* _What is expected_: Every line below from the one with "huwelijksfotograaf bruidsfotograaf destinationwedding" through the one with "3D Hillside Sea" should be retyped exactly, both ends included; no other lines and no pictures.

* _Supplied records_:
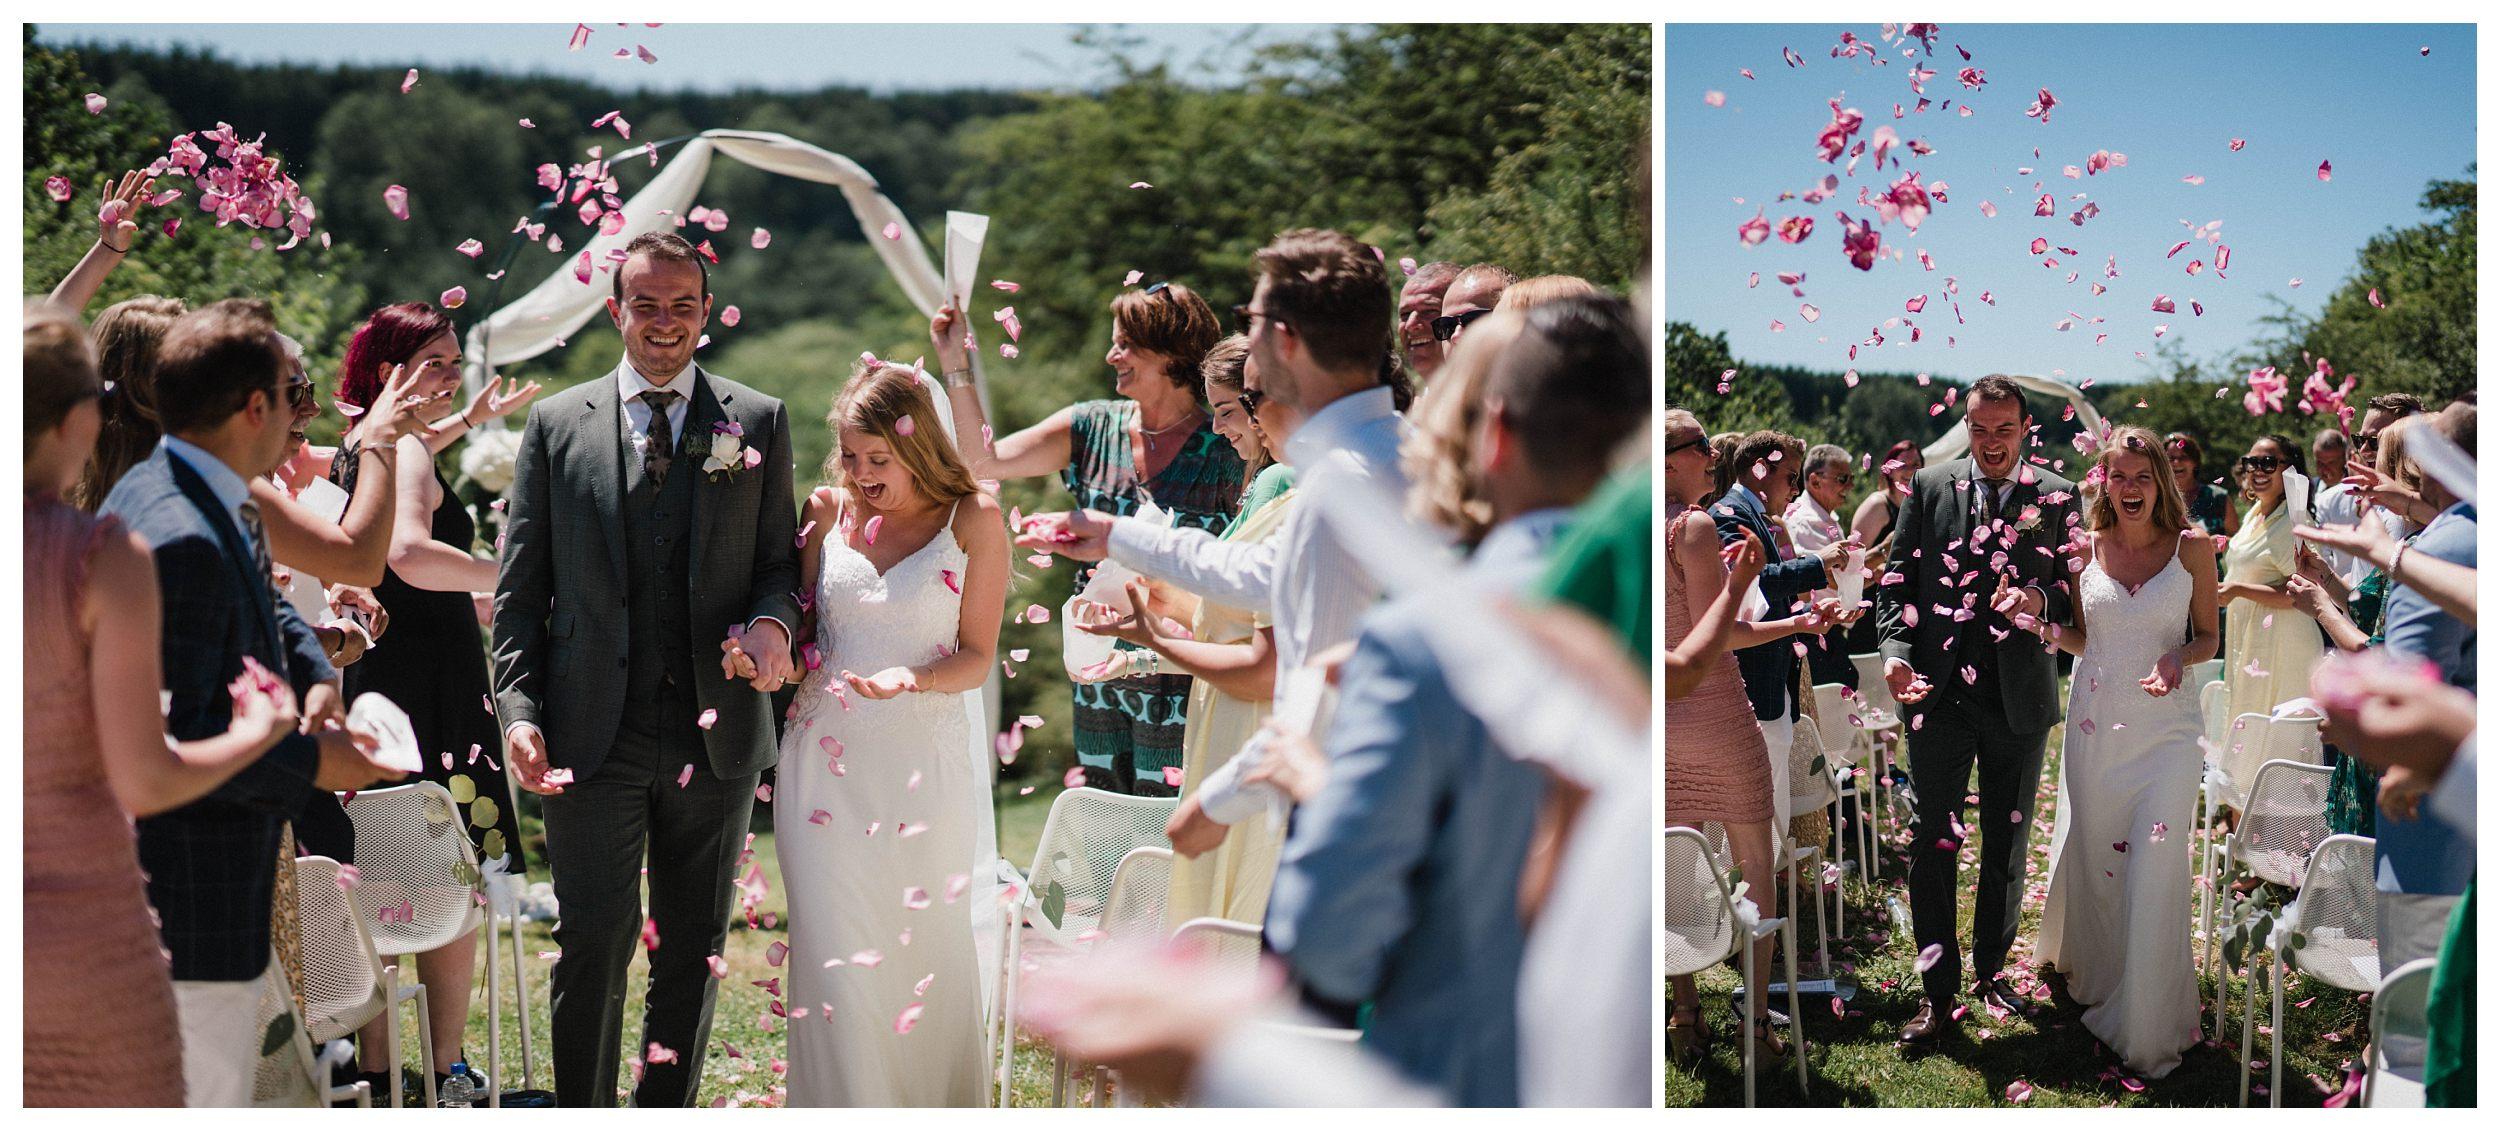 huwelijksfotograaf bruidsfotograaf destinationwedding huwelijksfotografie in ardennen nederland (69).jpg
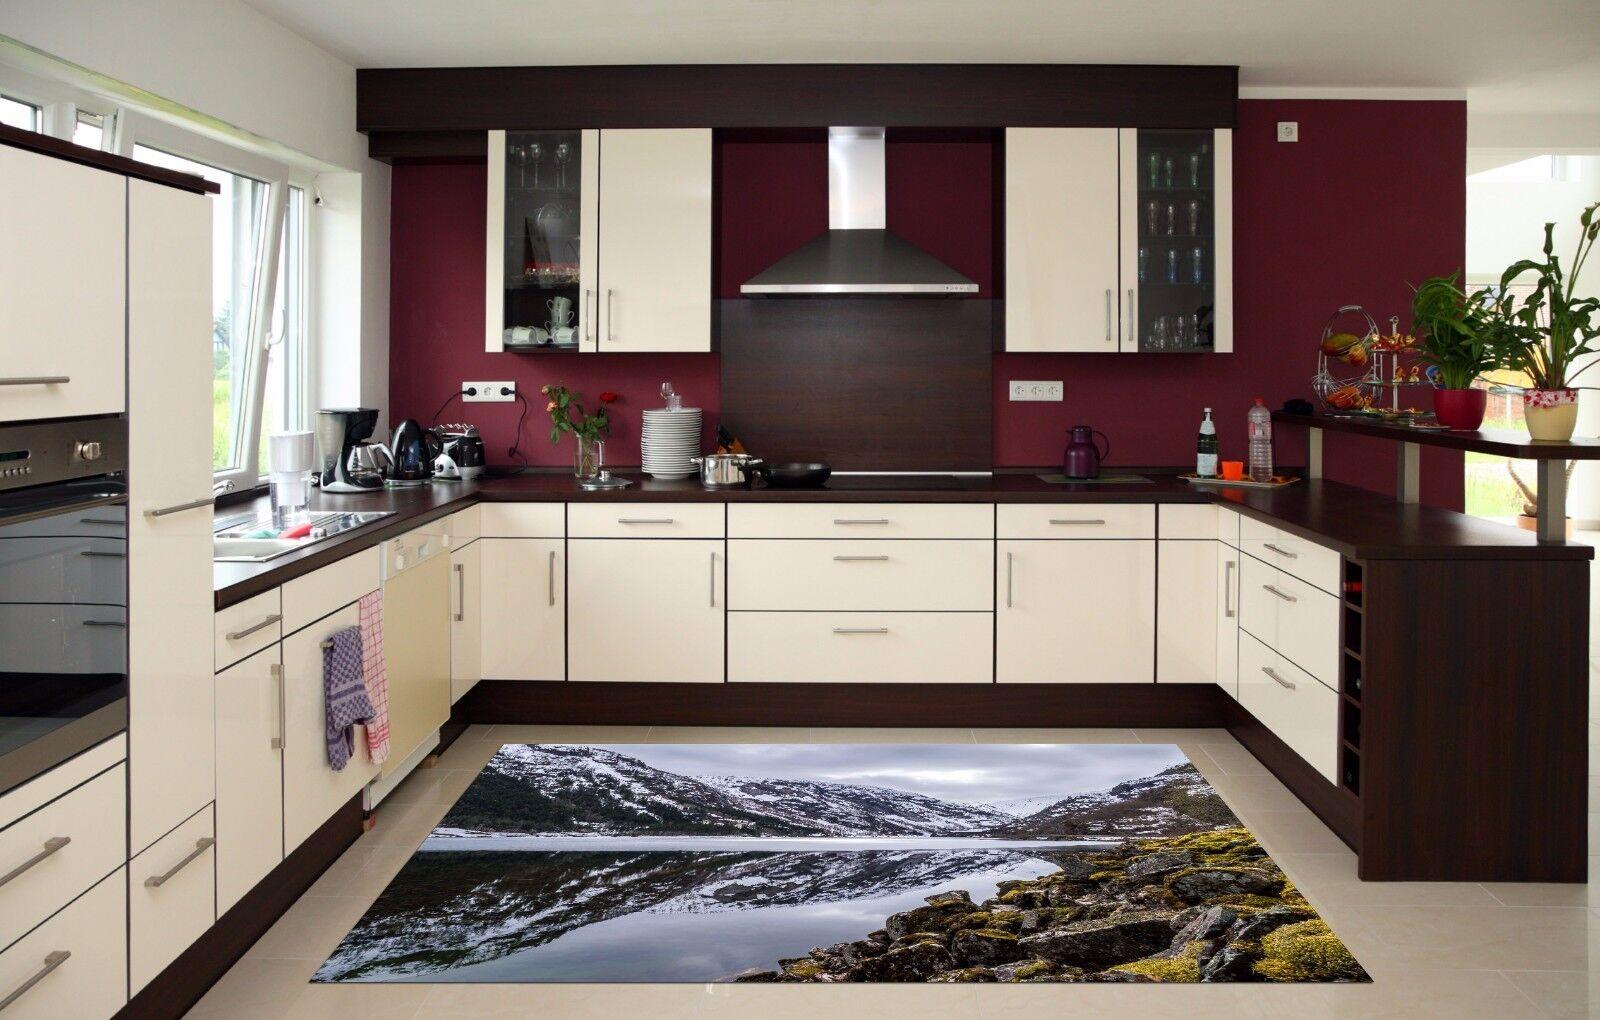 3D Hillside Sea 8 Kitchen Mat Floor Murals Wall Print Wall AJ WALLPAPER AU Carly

==

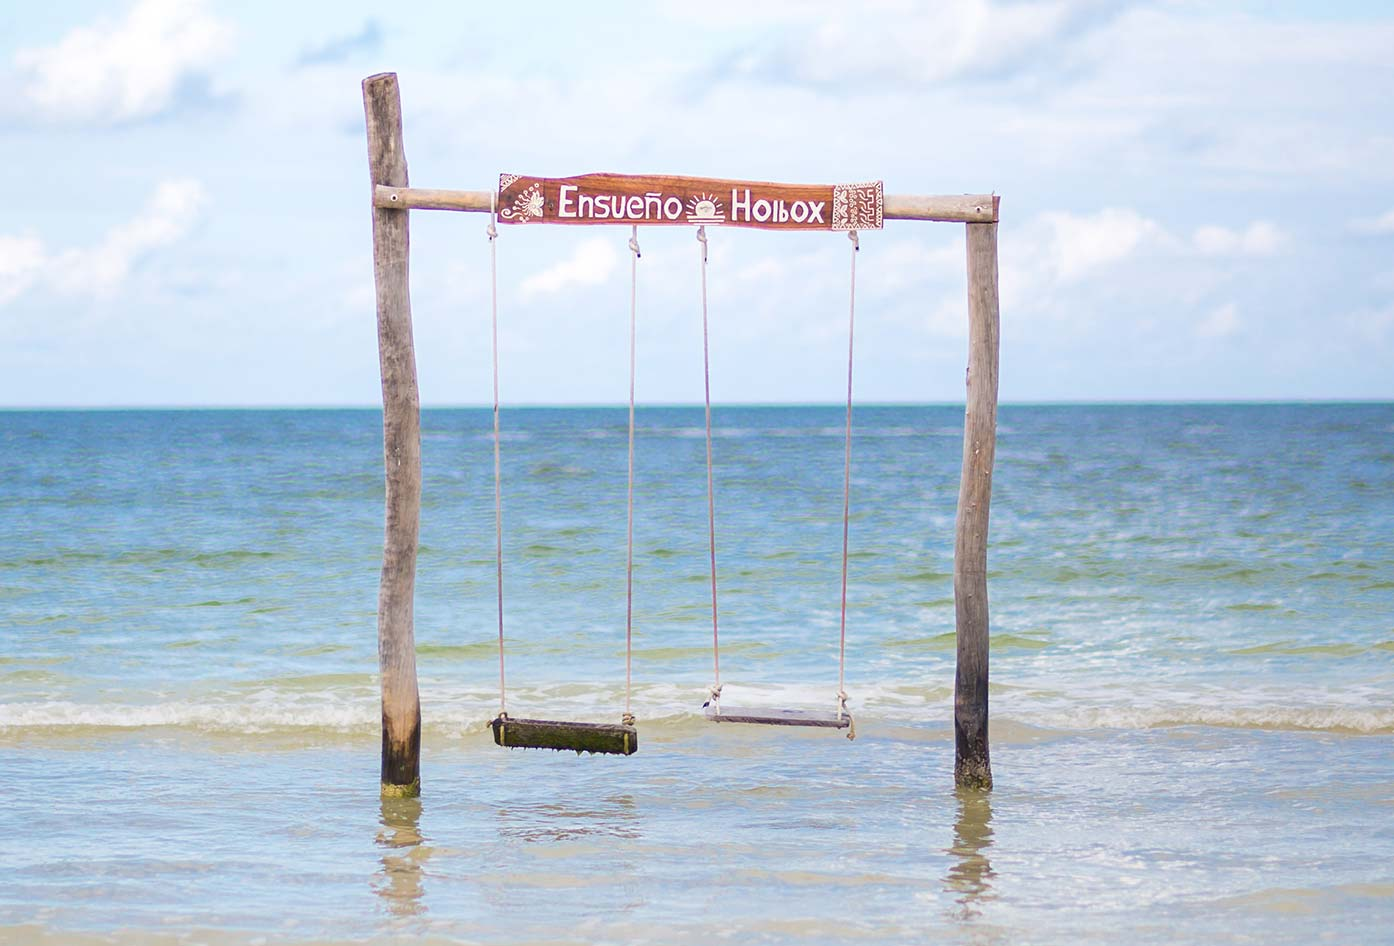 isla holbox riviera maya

* _Reply_:
 huwelijksfotograaf bruidsfotograaf destinationwedding huwelijksfotografie in ardennen nederland (69).jpg
 3D Hillside Sea 8 Kitchen Mat Floor Murals Wall Print Wall AJ WALLPAPER AU Carly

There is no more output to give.